# The Best Disc Fixer/Repair out there?



## Bigshorty (Jul 7, 2006)

I'm looking for a good disc repair system. One in the $100 range. Preferably electronic, but I won't mind a handle powered one if it's worth it. Any ideas?


----------



## JohnWill (Oct 19, 2002)

Disk repair system?


----------



## Helter23 (May 3, 2007)

I think he means one of the devices you use to repair a scratched or dirty disc....
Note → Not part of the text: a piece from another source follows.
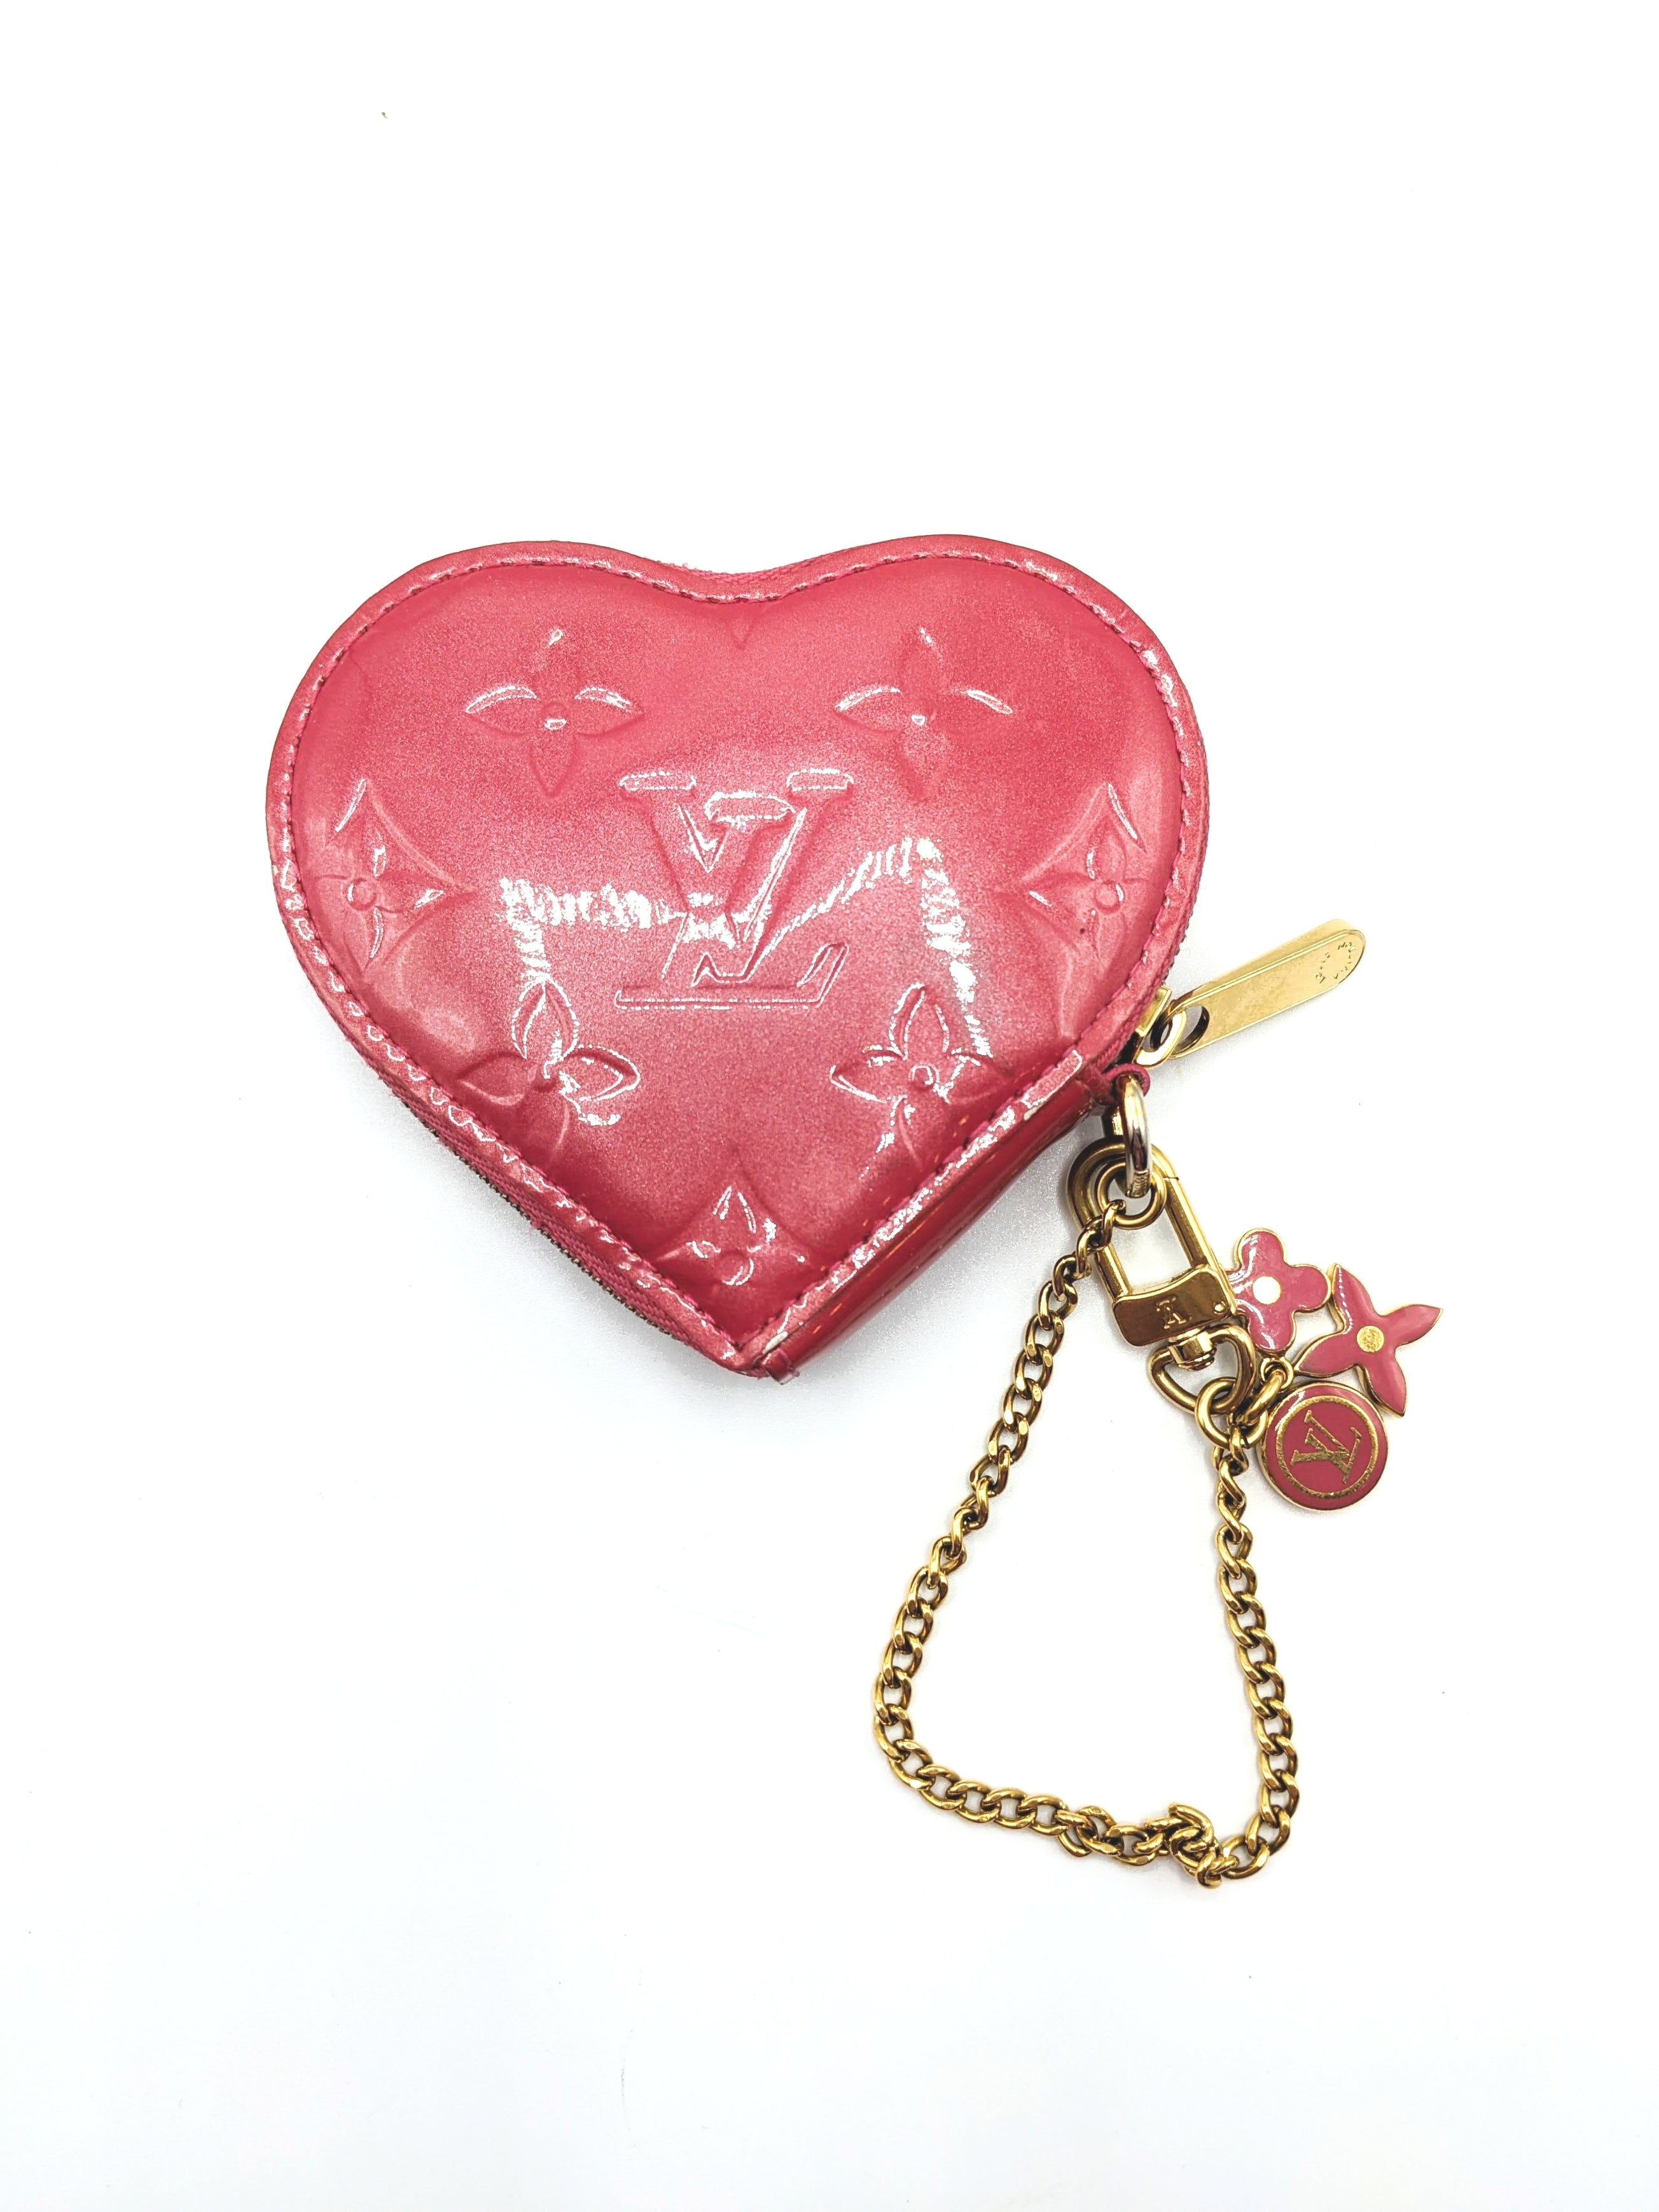 authentic louis vuitton heart coin purse

i am also trying in the market trying to find a good one would be...if i find one i'll let you know


----------



## Bigshorty (Jul 7, 2006)

Thank you. It was pretty much common sense, and not hard to figure out what I meant.


----------



## telecom69 (Oct 12, 2001)

Im just wondering what the exact problem is ? it it with just one disc or all of them ? not a lot to cleaning a disc,you are pretty limited in this respect,but if its all discs it may be that your laser lens is dirty,in which case a laser lens cleaning disc should take care of it ..


----------



## Bigshorty (Jul 7, 2006)

It's just that some discs have built up scratches over time and some are left unplayable. It can still play other games, just not the scratched ones.


----------



## telecom69 (Oct 12, 2001)

At the end of the day it will come down to how bad the scratches are of course, some will never be repairable of course but some others you may be able to at least get working to make a copy of them ...lots of info on a google search about this,but I found this site to contain lots of useful info about the problem ,,,hope you find something that works for you .....

http://www.wikihow.com/Fix-a-Scratched-CD


----------